[[ Listed entries, beginning ]]
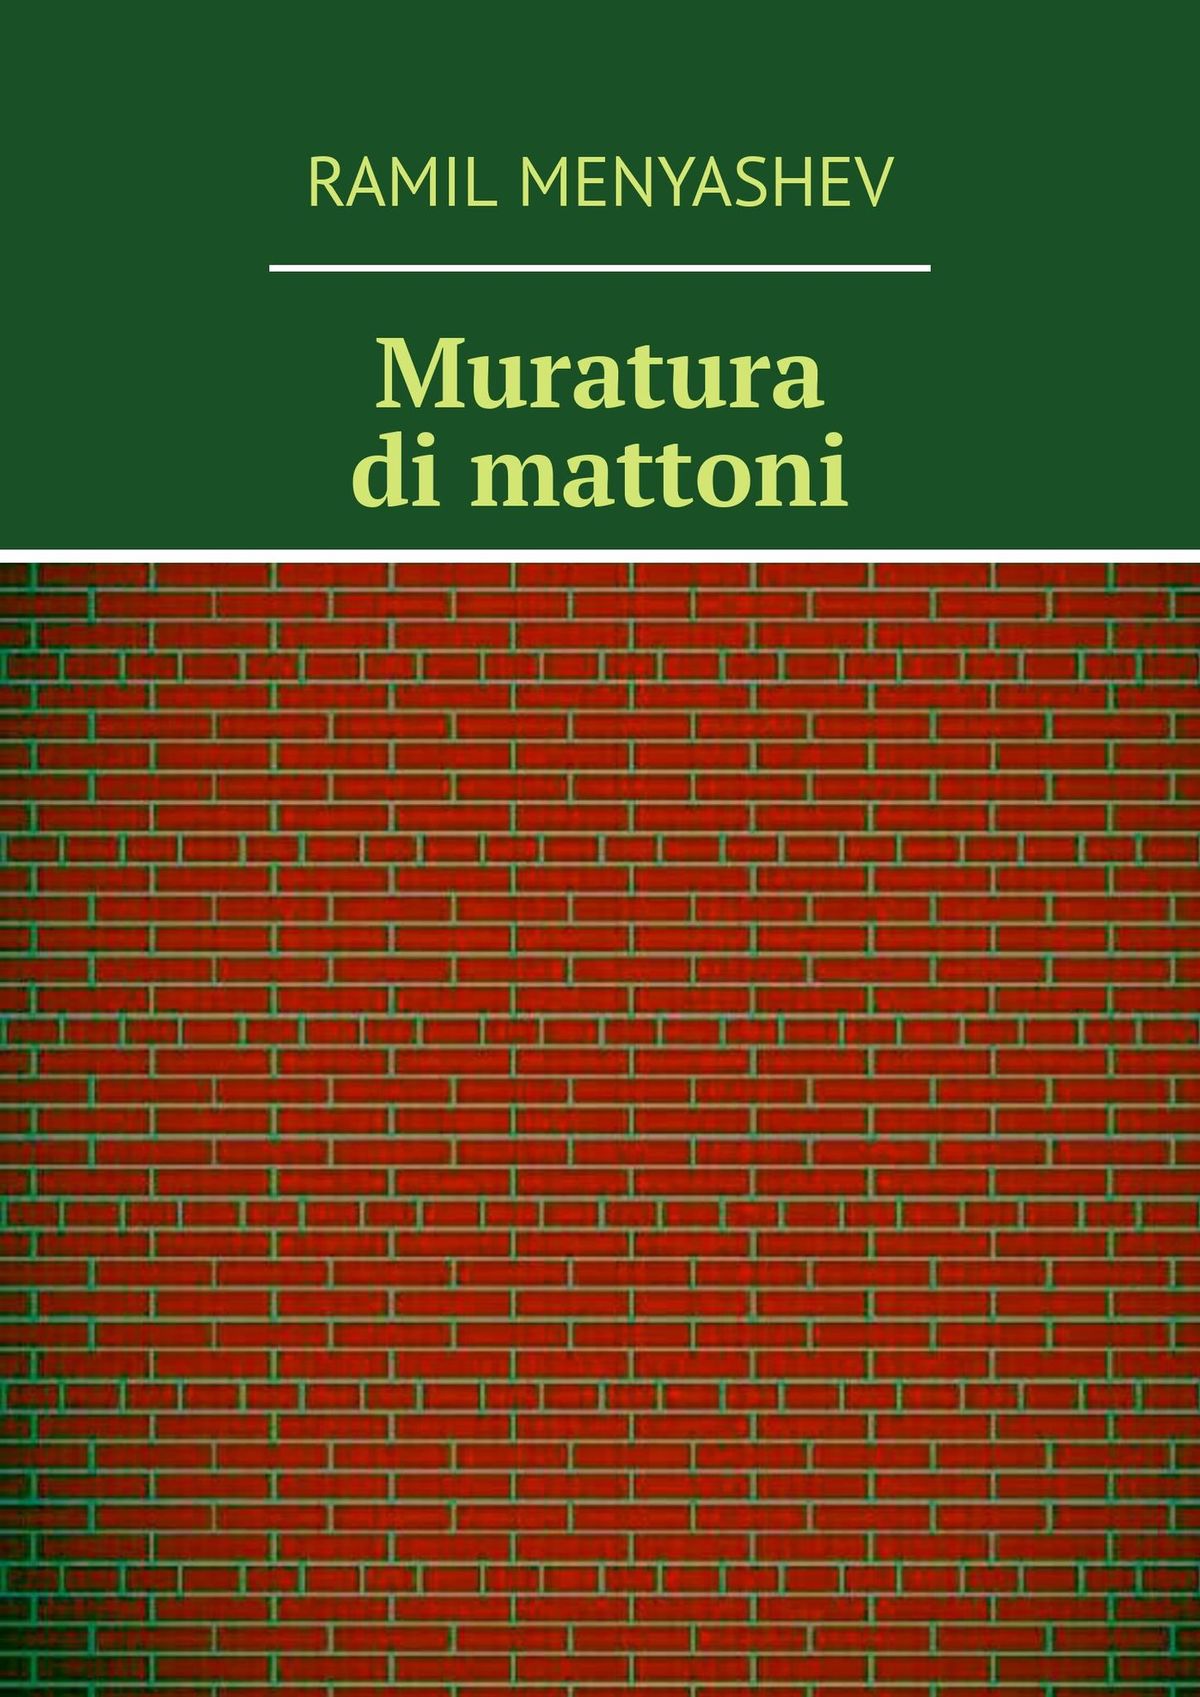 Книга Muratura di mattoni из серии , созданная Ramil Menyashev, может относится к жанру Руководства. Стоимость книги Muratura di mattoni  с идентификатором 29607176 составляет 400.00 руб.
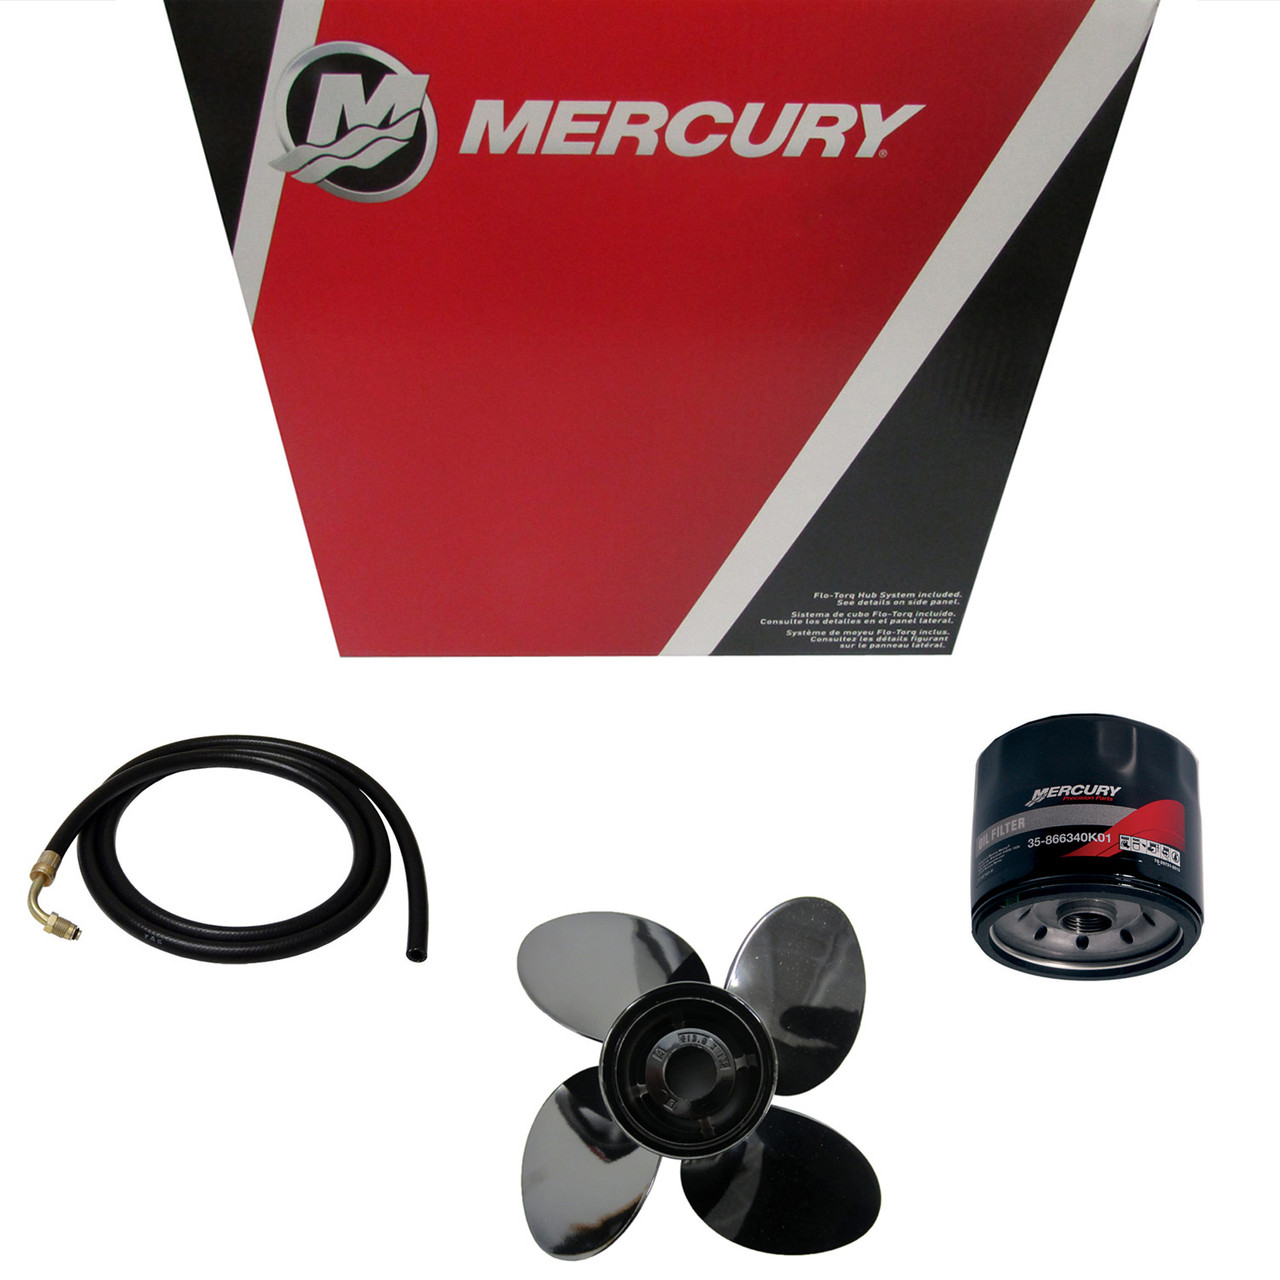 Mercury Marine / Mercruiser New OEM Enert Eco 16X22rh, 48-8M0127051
[[ Listed entries, end ]]
[[ Listed entries, beginning ]]
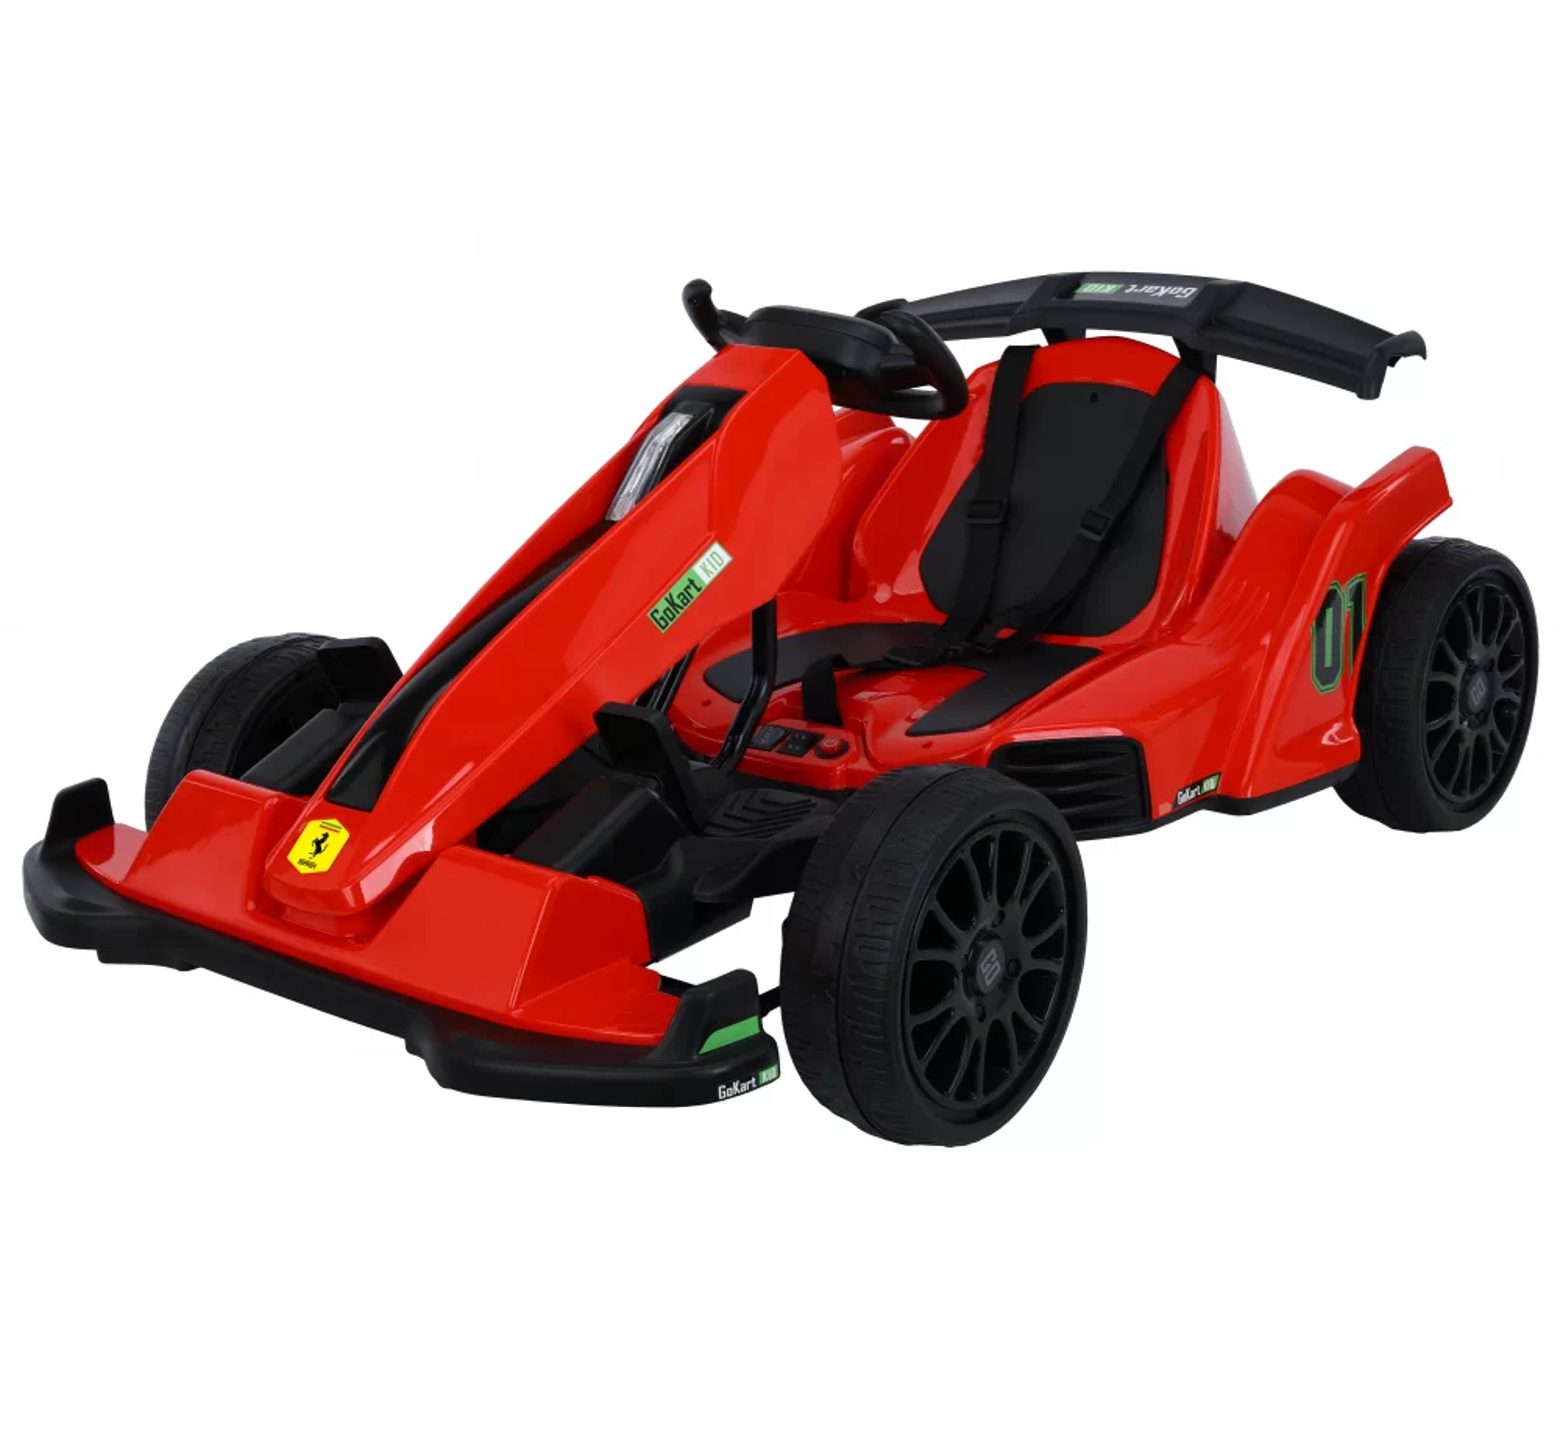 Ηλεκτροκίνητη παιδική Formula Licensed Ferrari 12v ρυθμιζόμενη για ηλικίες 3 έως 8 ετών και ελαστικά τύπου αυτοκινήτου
[[ Listed entries, end ]]
[[ Listed entries, beginning ]]
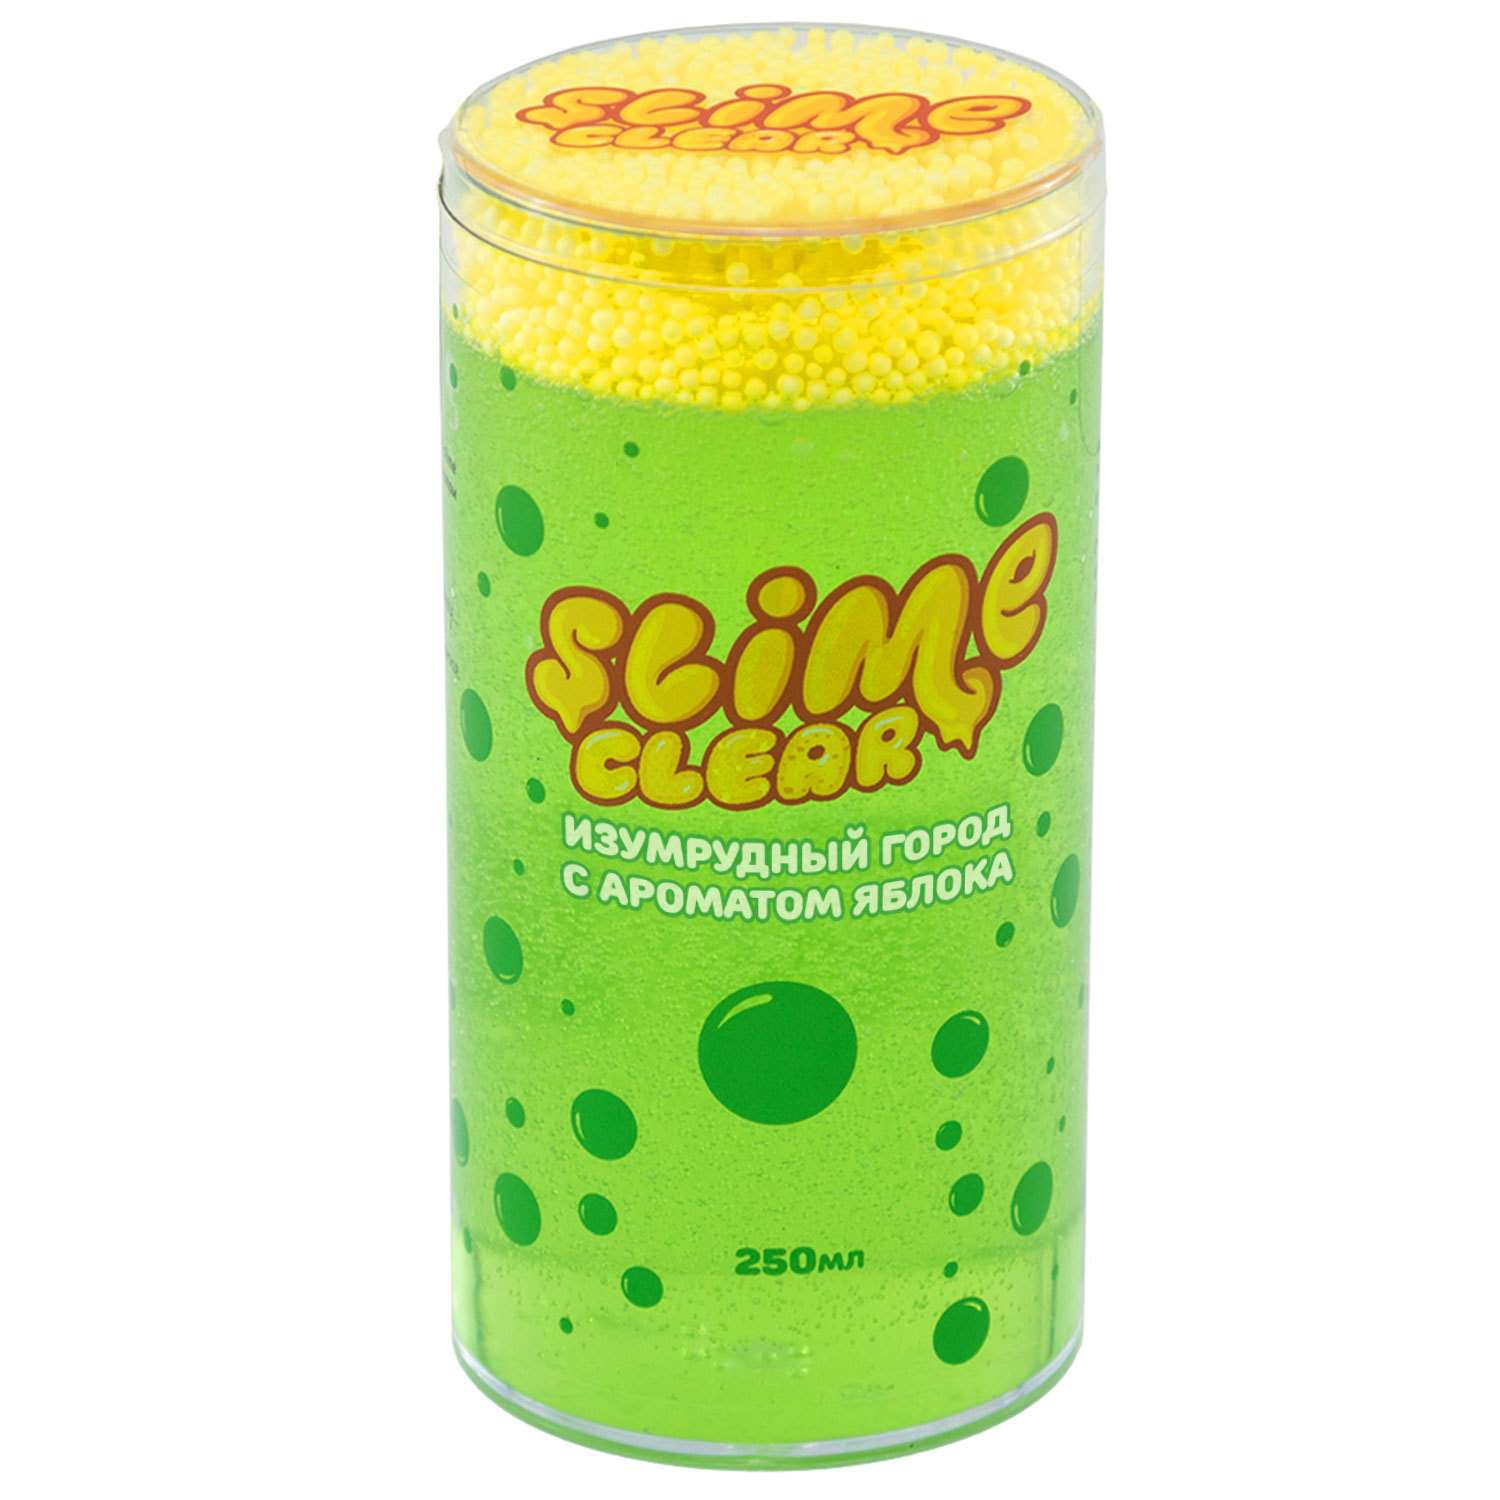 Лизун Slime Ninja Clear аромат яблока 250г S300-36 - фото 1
[[ Listed entries, end ]]
From the records above, write out exactly the lines that begin at the line with "Книга Muratura di" and end at the line with "Mercury Marine /". Pictures must not appear in the output.

 Книга Muratura di mattoni из серии , созданная Ramil Menyashev, может относится к жанру Руководства. Стоимость книги Muratura di mattoni  с идентификатором 29607176 составляет 400.00 руб.
 Mercury Marine / Mercruiser New OEM Enert Eco 16X22rh, 48-8M0127051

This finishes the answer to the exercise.